6.2 Un apprentissage vivant de l’écoute

6.4.4 L’écoutaire : Écouter pour faire taire l’autre

François Bonnet (2012), dans son livre Les mots et les sons : un archipel sonore, nous dit que pour bien comprendre la complexité de l’écoute, il faut intégrer en soi sa « part maudite », soit sa possible non-écoute. En suivant le fil de cette « part maudite », nous avons rencontré celle de Georges Bataille (1967), où cette dernière n’est pas liée à une absence, mais bien plutôt à l’excès et à la dépense.
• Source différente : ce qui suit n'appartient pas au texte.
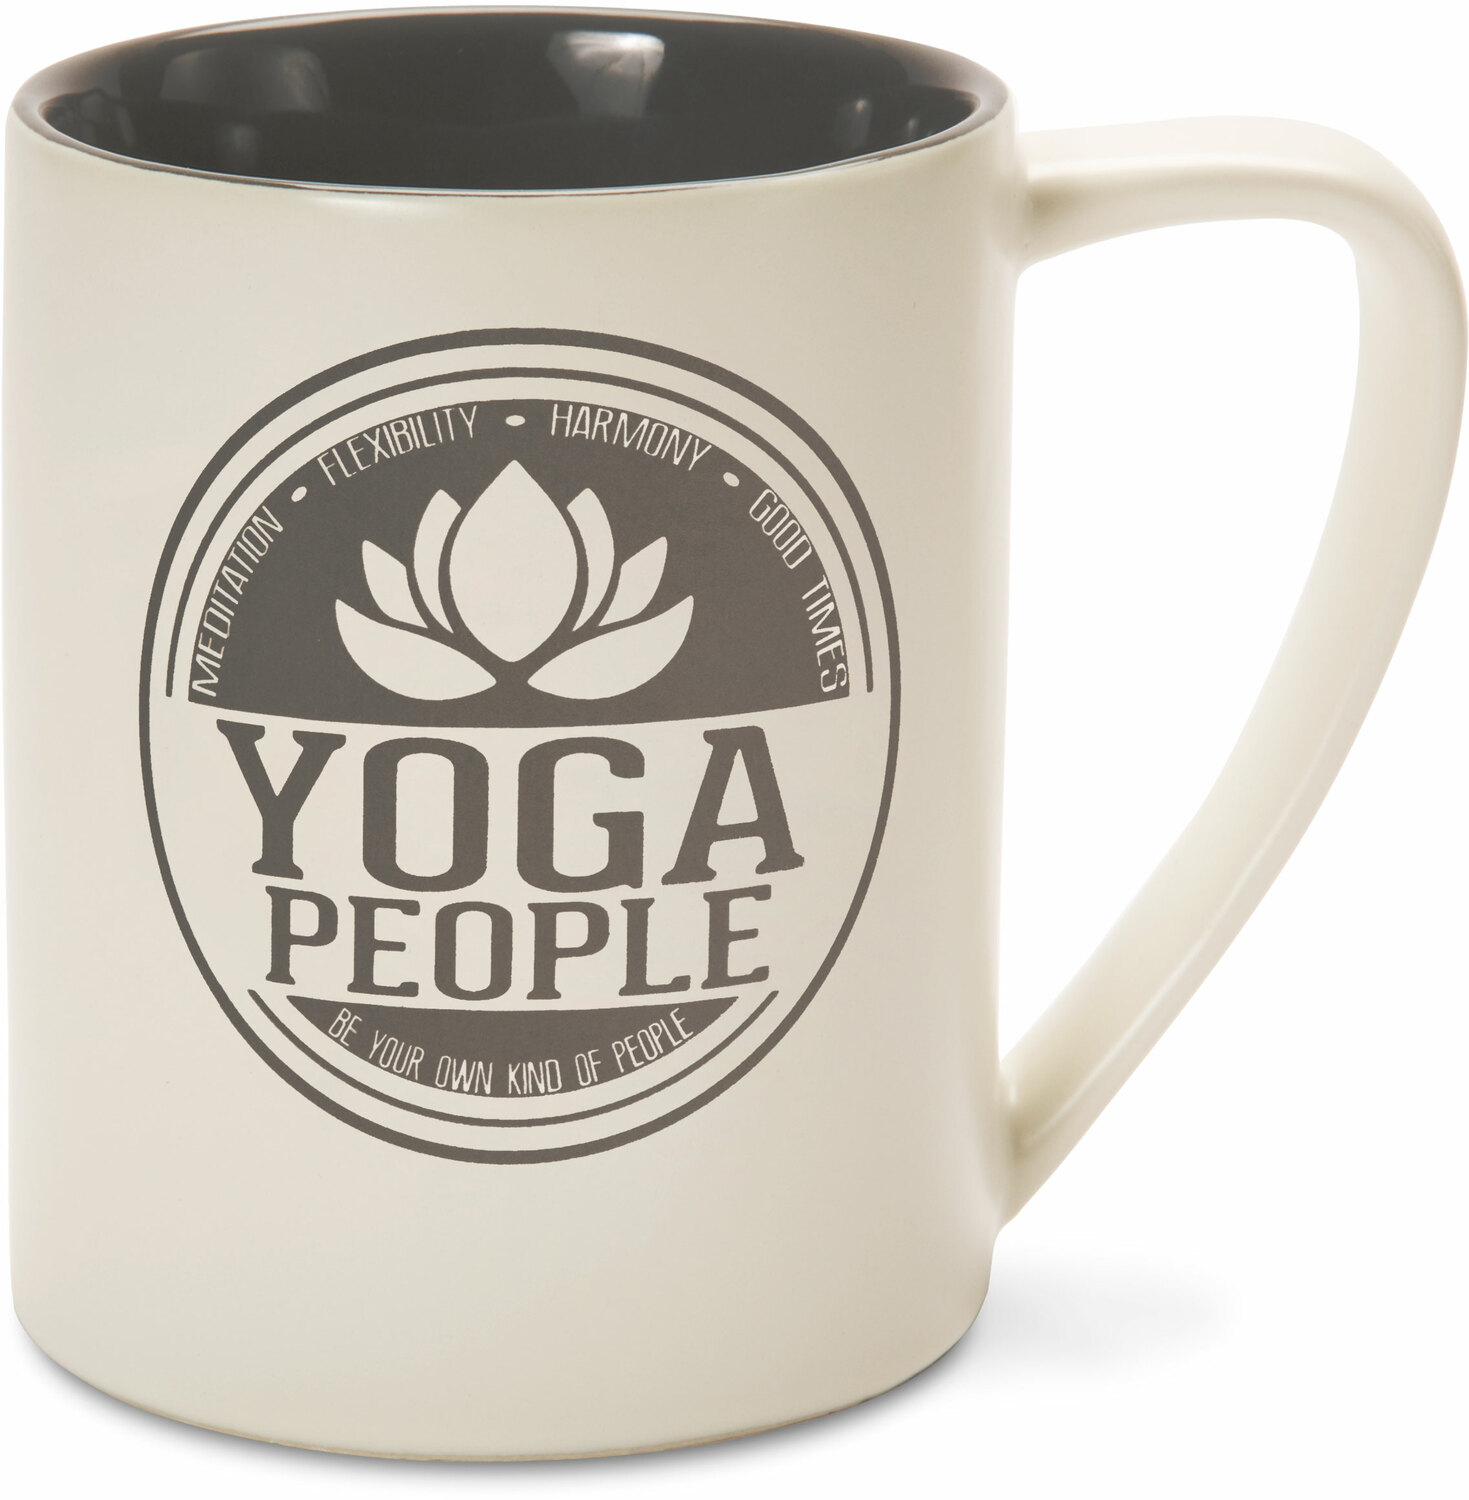 Yoga People by We People - Yoga People - 18 oz Mug

On peut dès lors envisager la non- écoute, comme une réaction à un excès de paroles, ou un excès de stimulations, qui déborde le cadre de l’interaction et notre attention. Une non-écoute serait en fait une écoute excédée.

Pour souligner ce rapport à l’écoute, qui nous est apparue comme assez significatif, nous avons construit le néologisme d’action : « l’écoutaire ». En effet, à travers les résultats de cette étude, il semble que l’écoute possède cette fonction cachée, de faire taire; étrange paradoxe pour une posture qui serait tournée vers l’autre. Possiblement une des visées cachées de l’écoute, niée ou refoulée par ses théoriciens, nous croyons que « l’écoutaire » serait mis en exergue par un non-respect des cadres interactionnels communément admis et un manque de rapport intersubjectif. Conséquemment, c’est avec la rencontre d’une parole délirante qu’il est possible de

mieux observer cette dimension de l’écoute. De plus, lorsque le plaisir lié à l’écoute est destitué, nous serions confrontés plus facilement à cette visée cachée. Alors que les travailleuses sociales vont faire état de la nécessité de répondre en se servant de l’écoute (en paroles ou en actions), c’est toujours pour répondre à un besoin de l’individu qui, nous l’espérons, cessera d’être exprimé. Toutefois, certaines situations, principalement associées à des troubles de santé mentale ou des troubles de personnalité, vont confronter les travailleuses sociales à une parole qui se répète, sans fin ou perçue comme mensongère; une plainte à laquelle il n’est plus possible de répondre, un besoin impossible à assouvir.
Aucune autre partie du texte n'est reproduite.